WORK TO COMPLETE: Your answer must be the exact lines of the listing below that run from the line with "ShawnJ West (Turnbo), L." to the line with "Nude Getting Up Throw", ends included, and no pictures.

(SUPPLIED MATERIAL)

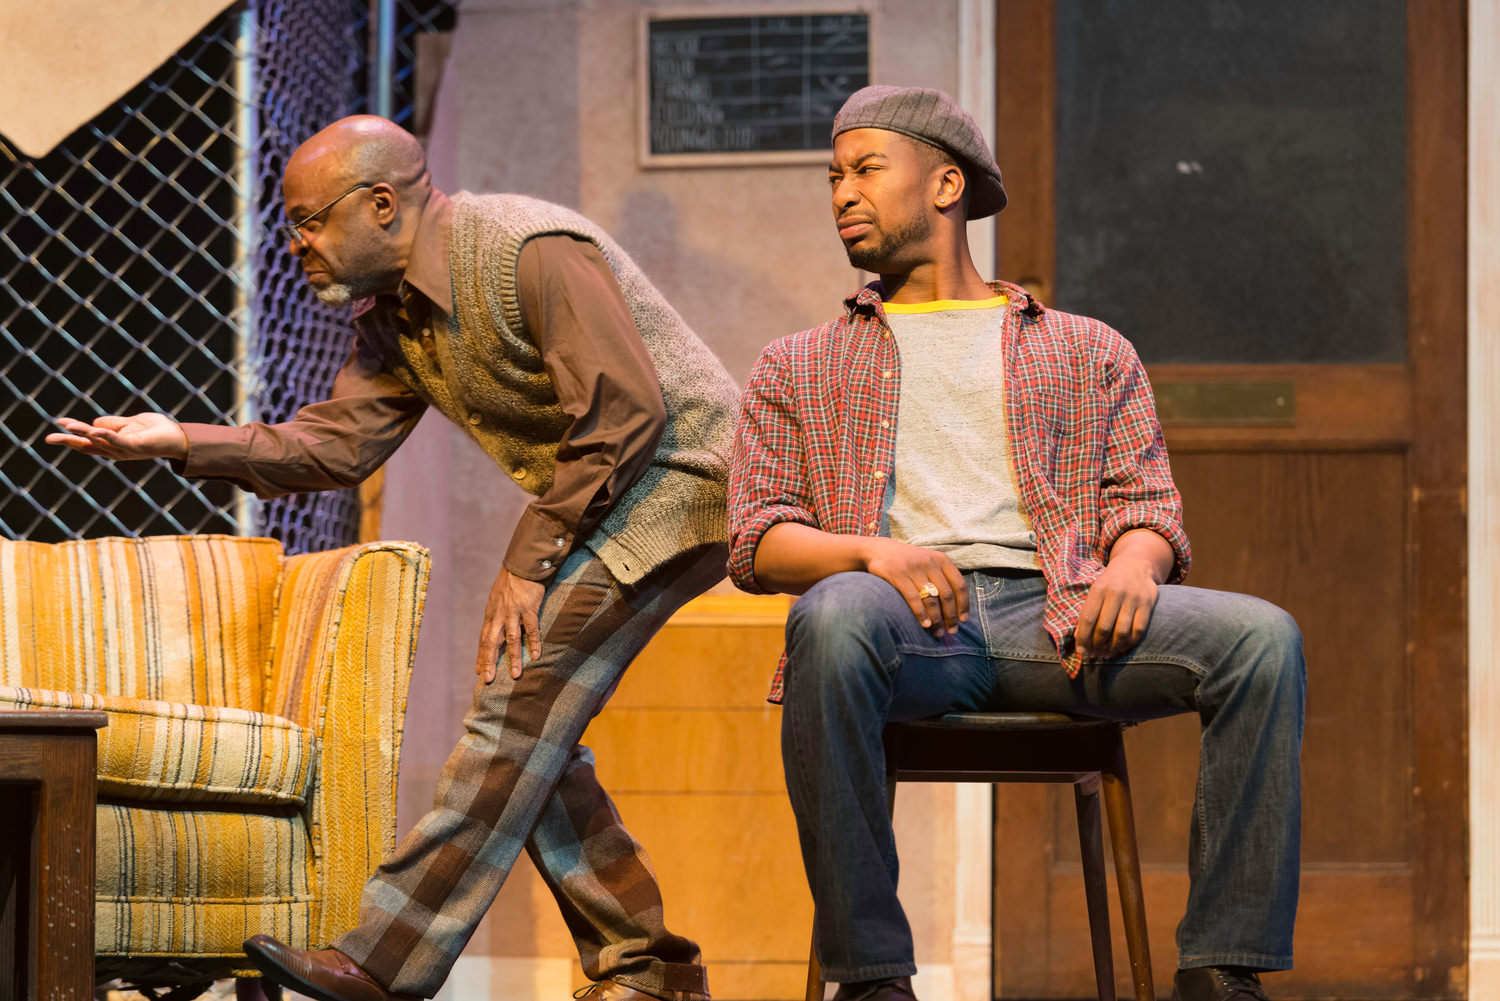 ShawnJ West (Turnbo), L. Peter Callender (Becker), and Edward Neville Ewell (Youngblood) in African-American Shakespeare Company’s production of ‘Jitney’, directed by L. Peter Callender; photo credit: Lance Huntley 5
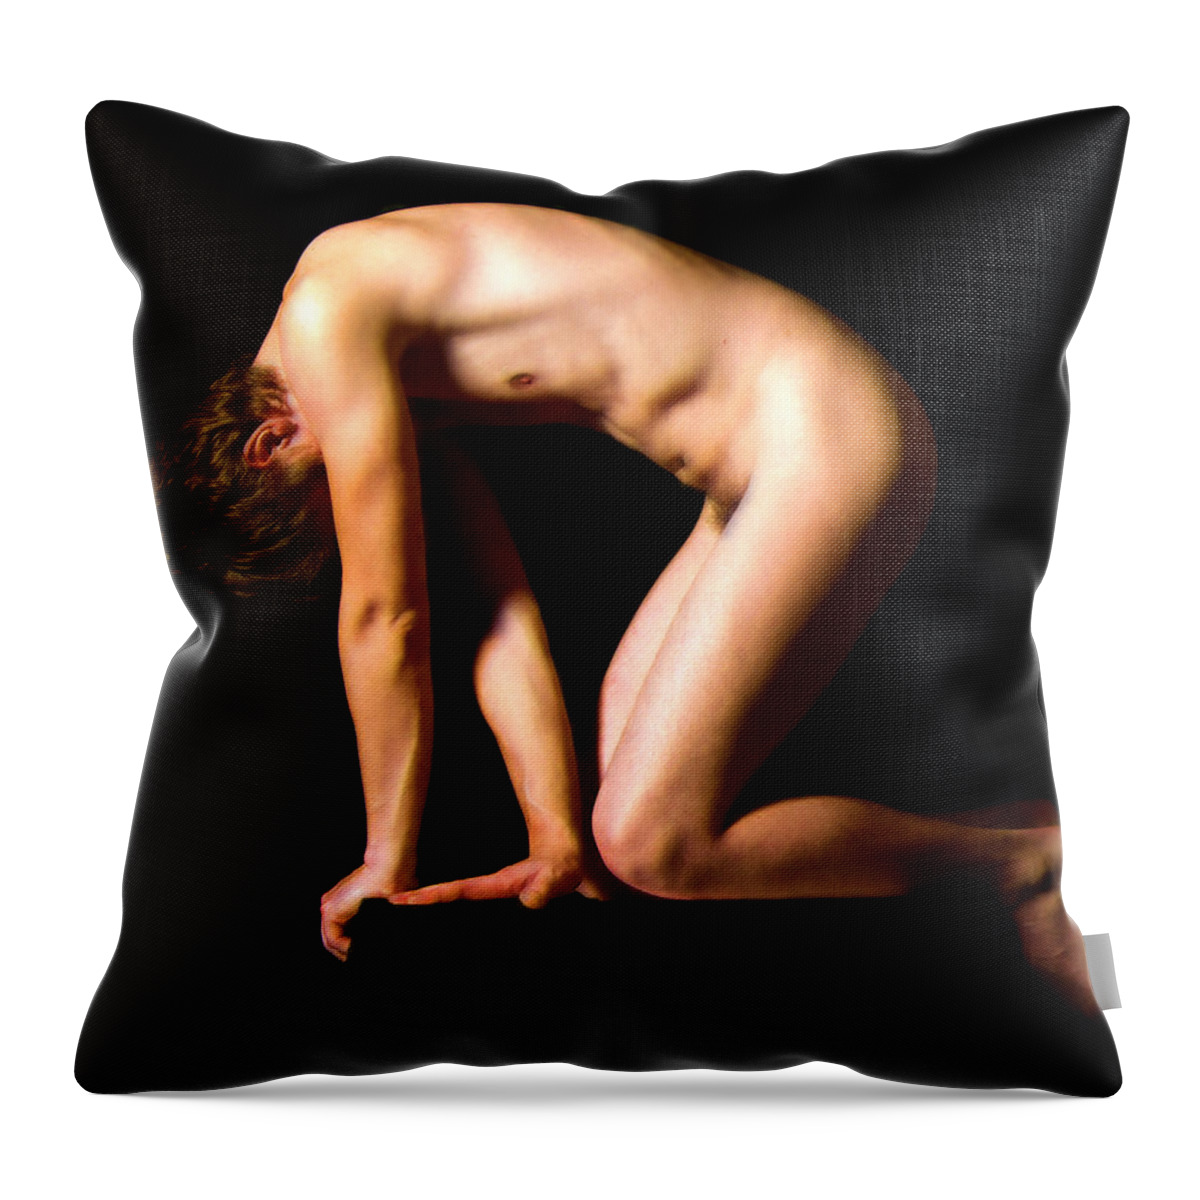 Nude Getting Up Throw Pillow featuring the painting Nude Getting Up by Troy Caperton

(End SUPPLIED MATERIAL)
(SUPPLIED MATERIAL)

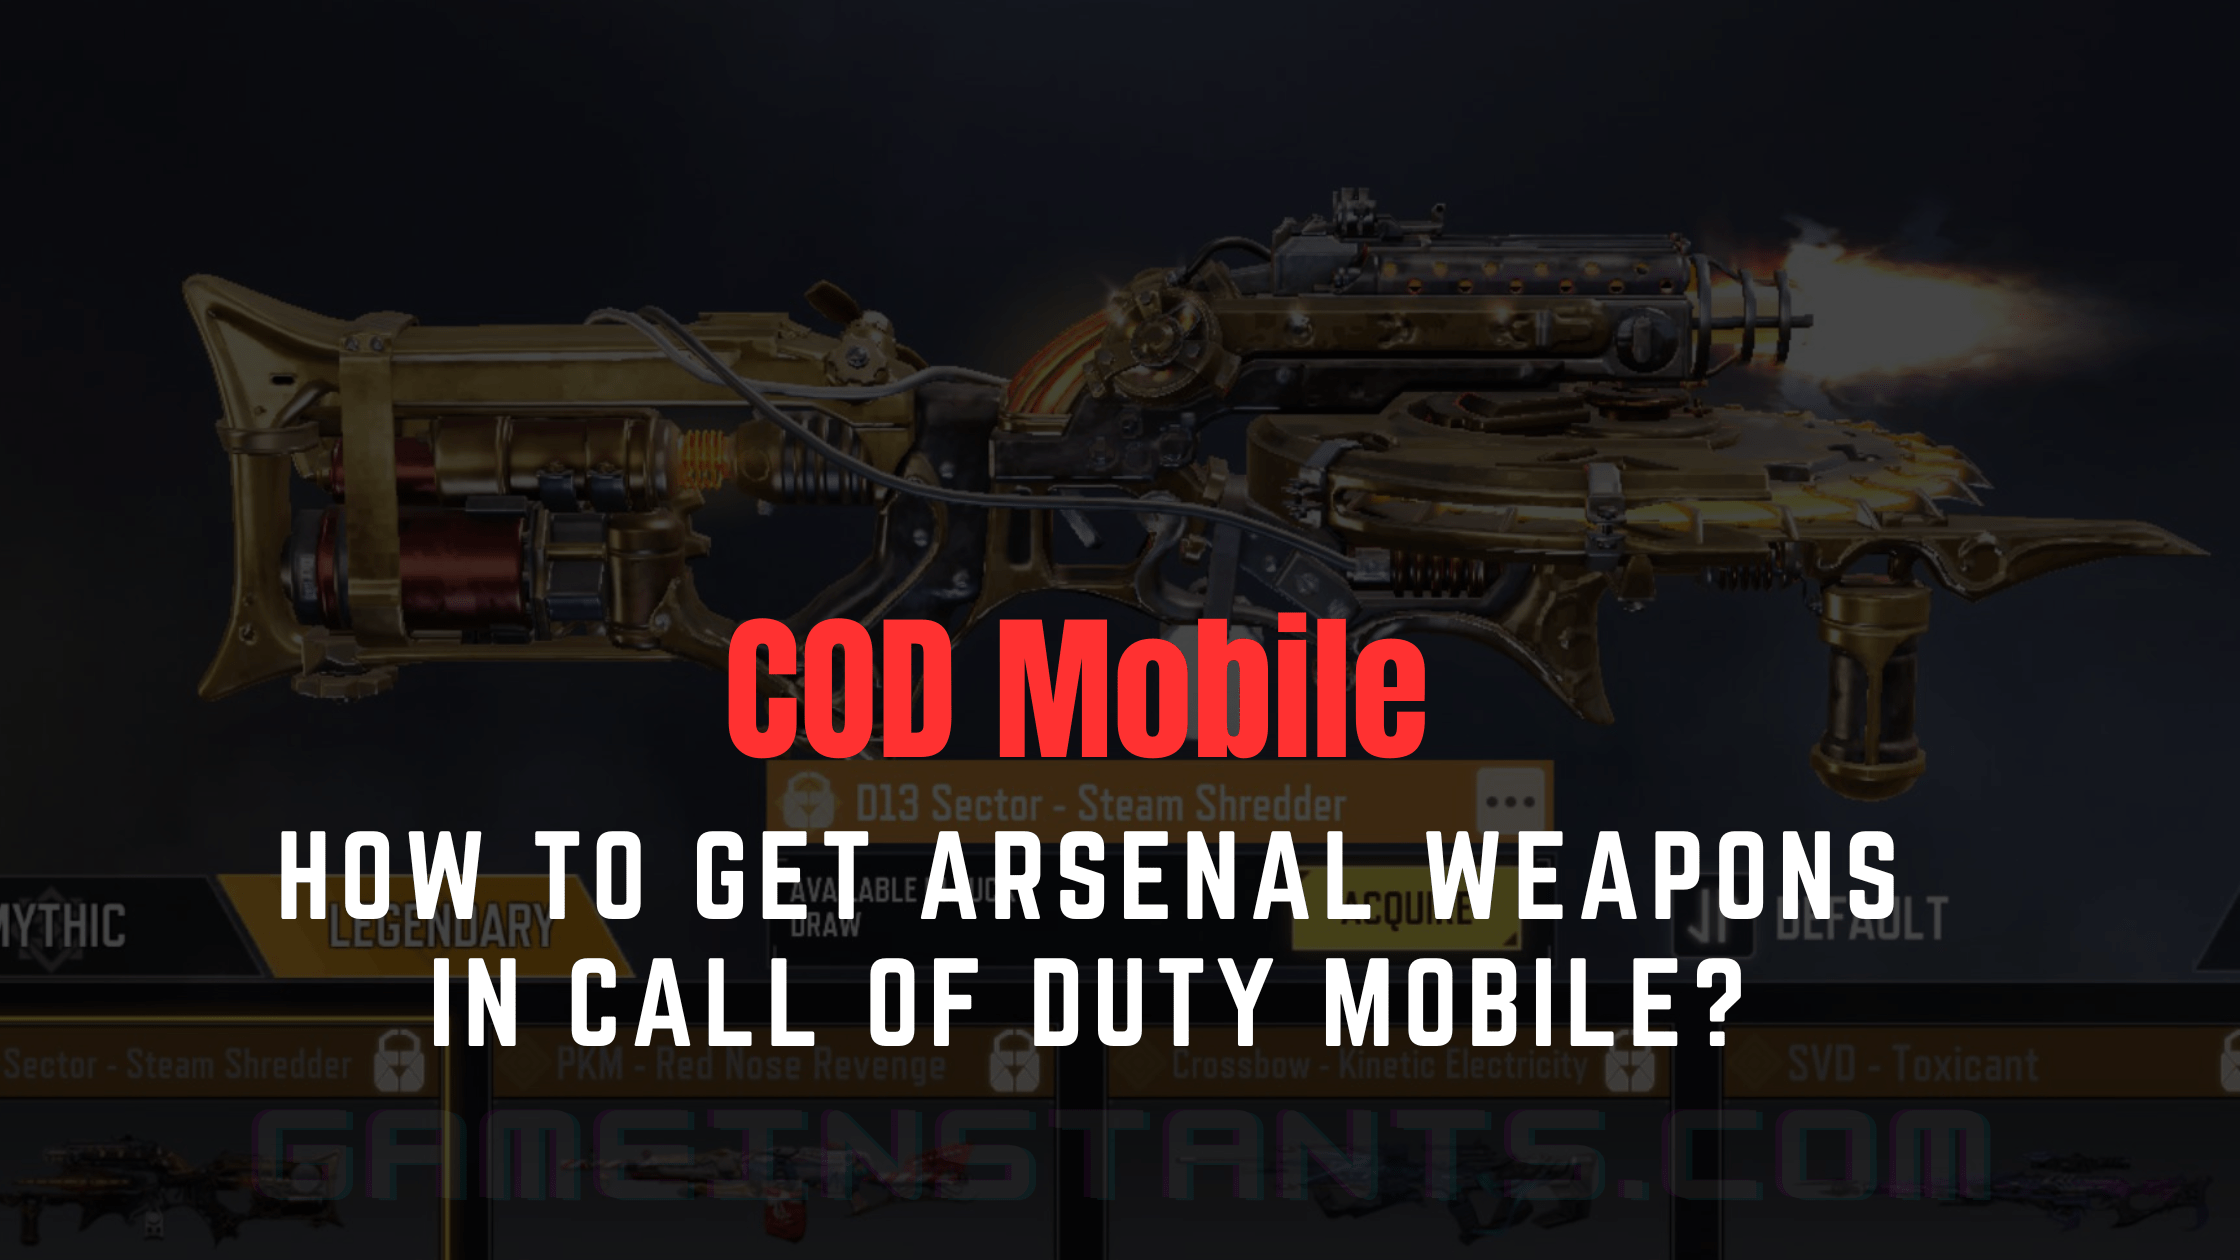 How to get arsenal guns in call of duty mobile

(End SUPPLIED MATERIAL)
(SUPPLIED MATERIAL)

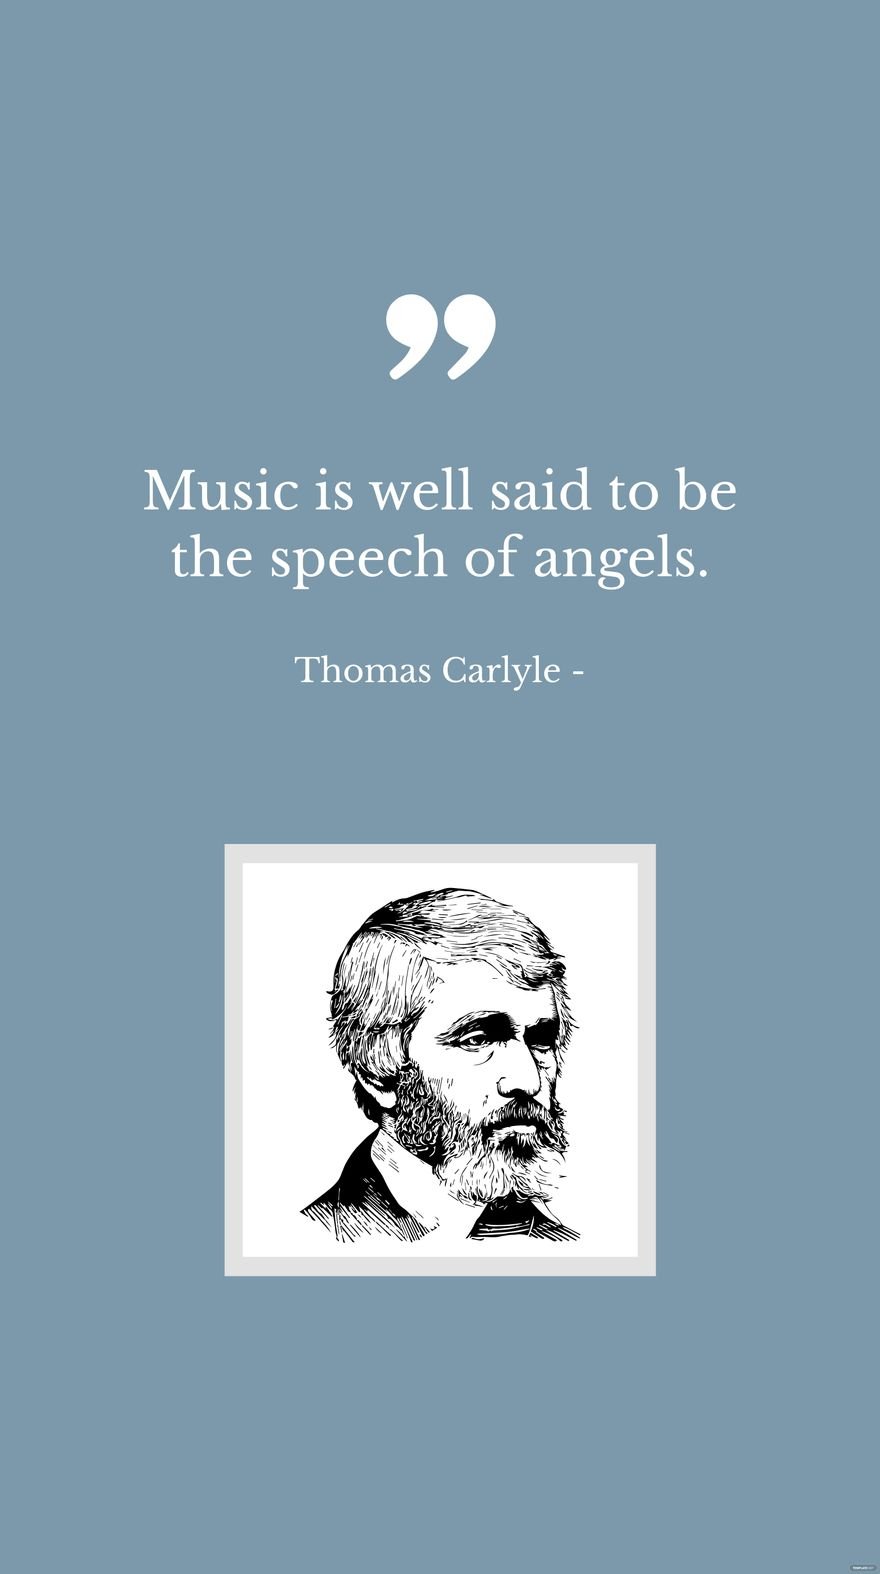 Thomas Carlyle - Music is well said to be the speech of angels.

(End SUPPLIED MATERIAL)

YOUR SOLUTION:
 ShawnJ West (Turnbo), L. Peter Callender (Becker), and Edward Neville Ewell (Youngblood) in African-American Shakespeare Company’s production of ‘Jitney’, directed by L. Peter Callender; photo credit: Lance Huntley 5
 Nude Getting Up Throw Pillow featuring the painting Nude Getting Up by Troy Caperton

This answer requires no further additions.